Banksia dallanneyi var. mellicula

Scientific classification
- Kingdom: Plantae
- Clade: Tracheophytes
- Clade: Angiosperms
- Clade: Eudicots
- Order: Proteales
- Family: Proteaceae
- Genus: Banksia
- Species: B. dallanneyi
- Subspecies: B. d. subsp. dallanneyi
- Variety: B. d. var. mellicula
- Trinomial name: Banksia dallanneyi var. mellicula (A.S.George) A.R.Mast & K.R.Thiele
- Synonyms: Dryandra lindleyana var. mellicula A.S.George

= Banksia dallanneyi var. mellicula =

Variety of plant found in Australia

Banksia dallanneyi var. mellicula is a variety of Banksia dallanneyi subsp. dallanneyi.
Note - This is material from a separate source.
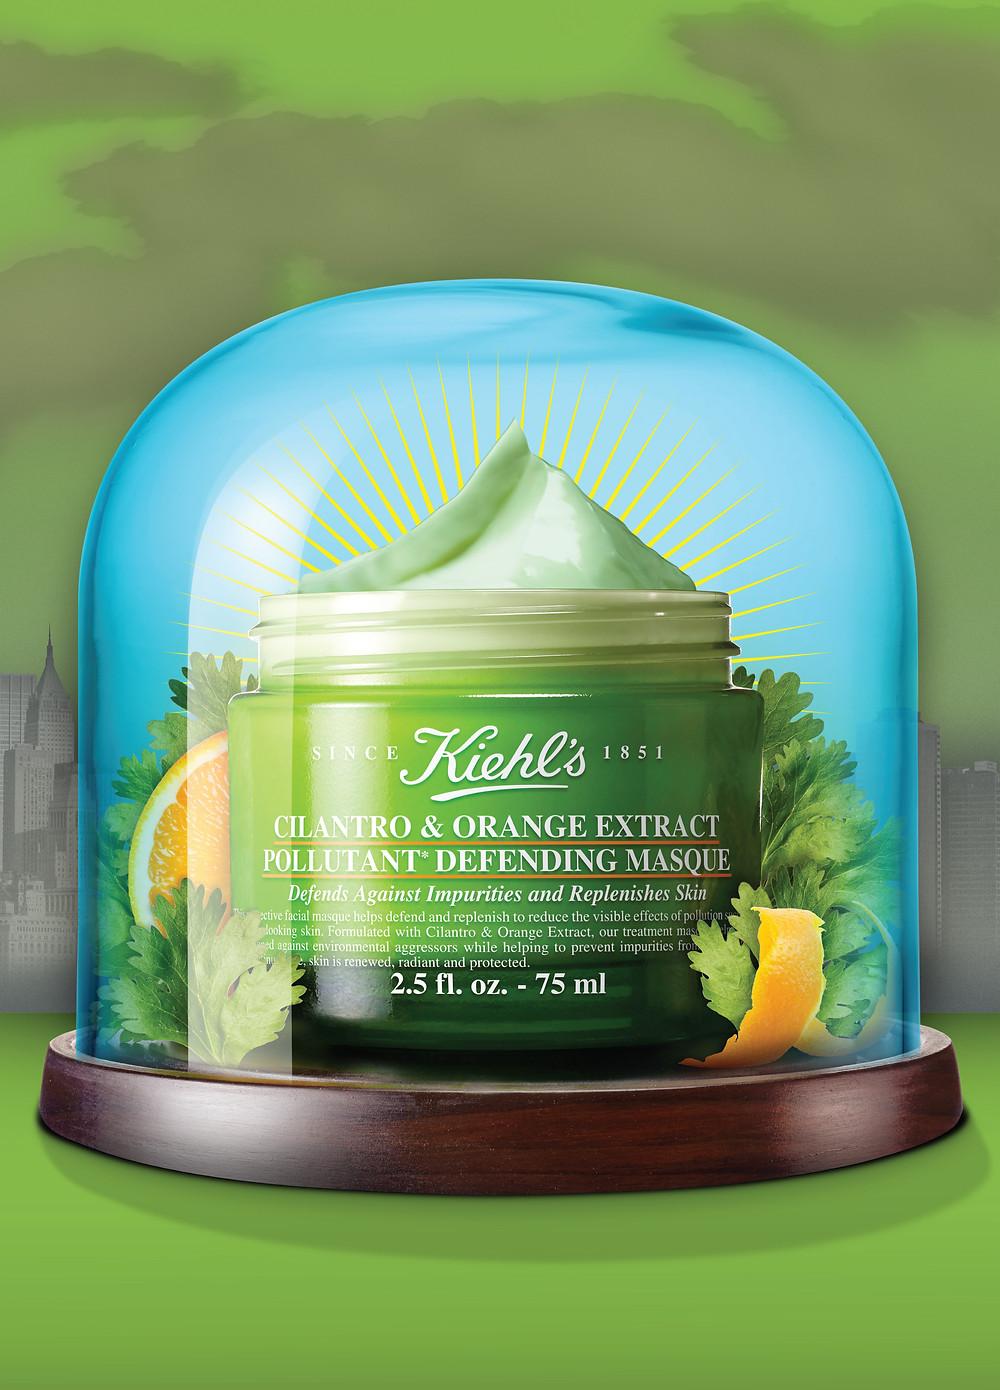 Kiehl's Nature Powered Masque Cilantro & Orange Extract

It was known as Dryandra lindleyana var. mellicula until 2007, when Austin Mast and Kevin Thiele sunk all Dryandra into Banksia. Since there was already a Banksia named Banksia lindleyana, Mast and Thiele had to choose a new specific epithet for D. lindleyana and hence for this variety of it. As with other members of Banksia ser. Dryandra, it is endemic to the South West Botanical Province of Western Australia.